В конце XVIII века у евреев нет тяжёлого вооружения и до расстрела «Альталены» не дойдёт. Будут, – звучит! – погромы, – хасидских лавок, заводиков, изб. Стенка на стенку – драки; убийство зафиксировано судом одно.

С одной стороны преданные Его Величеству Виленскому Гаону «литваки», стойкие гвардейцы умного кардинала; более точно их величают «митнагдимами», – буквально, упорно сопротивляющиеся. Им противостоят простолюдины, – уважающие водку, «кувыркающиеся» хасиды. С супостатами, – какой ужас! – у митнагедов ничего общего.

Хасидам не сдают жильё, выпроваживают в шею, спускают с лестницы, лишают прав в общине.

Запрещают приближаться к хасиду «на 4 локтя».

Будто в «Донских рассказах» трещат семьи.

Брат не подаёт руки брату, отец справляет тризну по сыну; жена разводится с мужем, как в докладе Хрущёва примкнувшему к антипартийной группировке.

Кладбищенские услуги разделены.

Об общей трапезе, хлебе и вине забудьте. Взаимно не признают кошерным используемое противниками мясо, – «падаль».

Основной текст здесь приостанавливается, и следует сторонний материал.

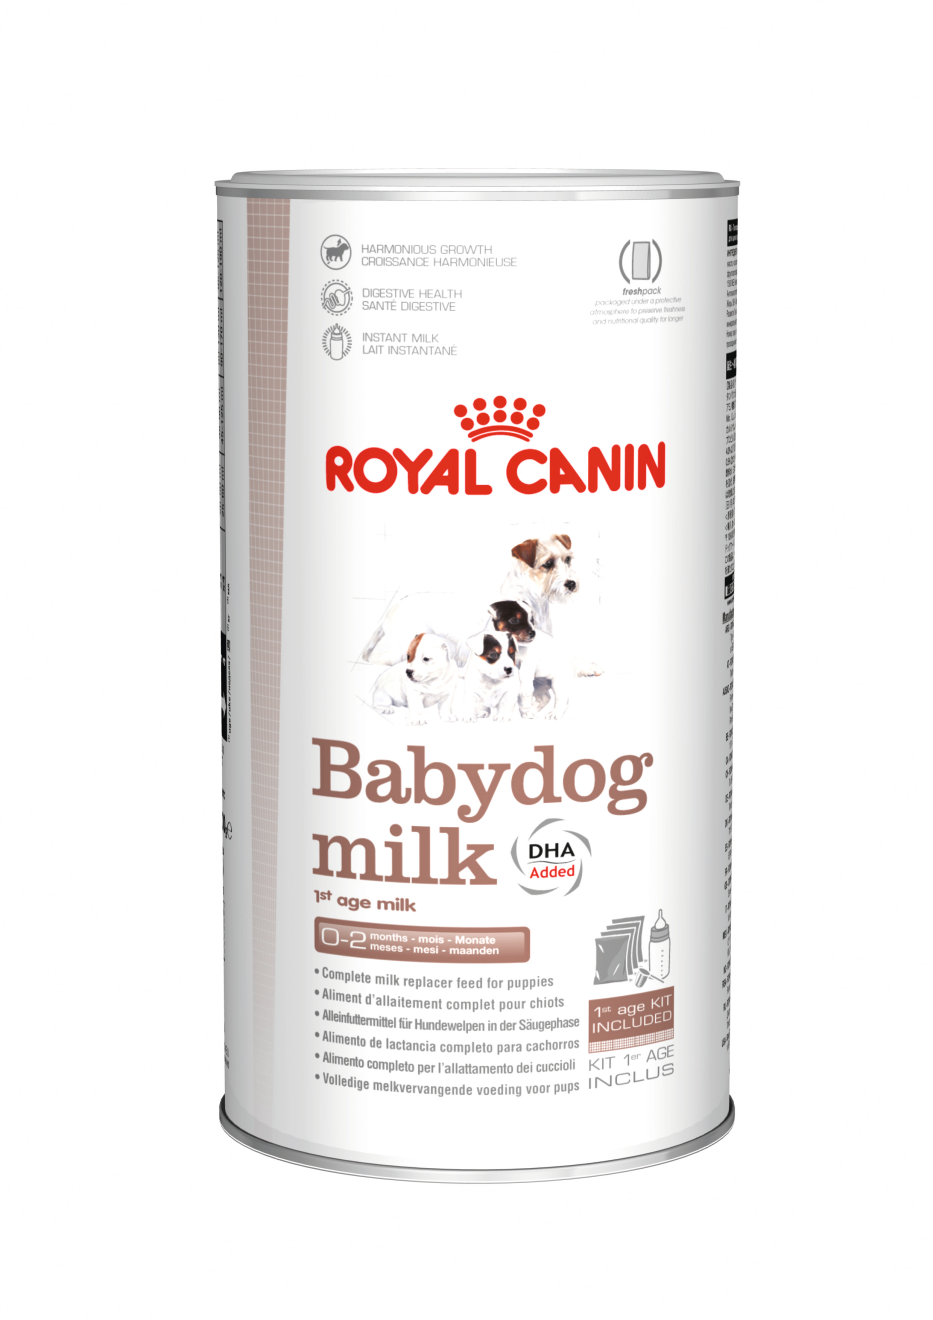 Packshot Royal Canin Babydog Milk allimentation des chiots

Алтер Ребе Шнеур-Залмана спросят: Мессия явится в виде хасида или митнагеда? Для основоположника Хабада ответ очевиден: конечно, митнагеда. Почему? –  слушатели потрясены. – Хасидам всё равно, лишь бы ОН наконец прибыл, но литваки, – они  никогда не воспримут хасида как Избавителя.

Жестокая борьба продлится с 1772 г., – момента первого раздела Польши, – и до 1804 г. Умиротворит русское правительство.

 

Гаон, формально второй, – первая скрипка распри. Неудачное сравнение: музы молчат, – но разум возмущённый не дремлет. Предаёт ворогов анафеме: «Пусть везде преследуют и угнетают хасидов.… Пусть рассеивают их сборища…, чтобы истребить идолов с лица земли. Тот же, кто поспешит в этом добром деле, удостоится жизни вечной».  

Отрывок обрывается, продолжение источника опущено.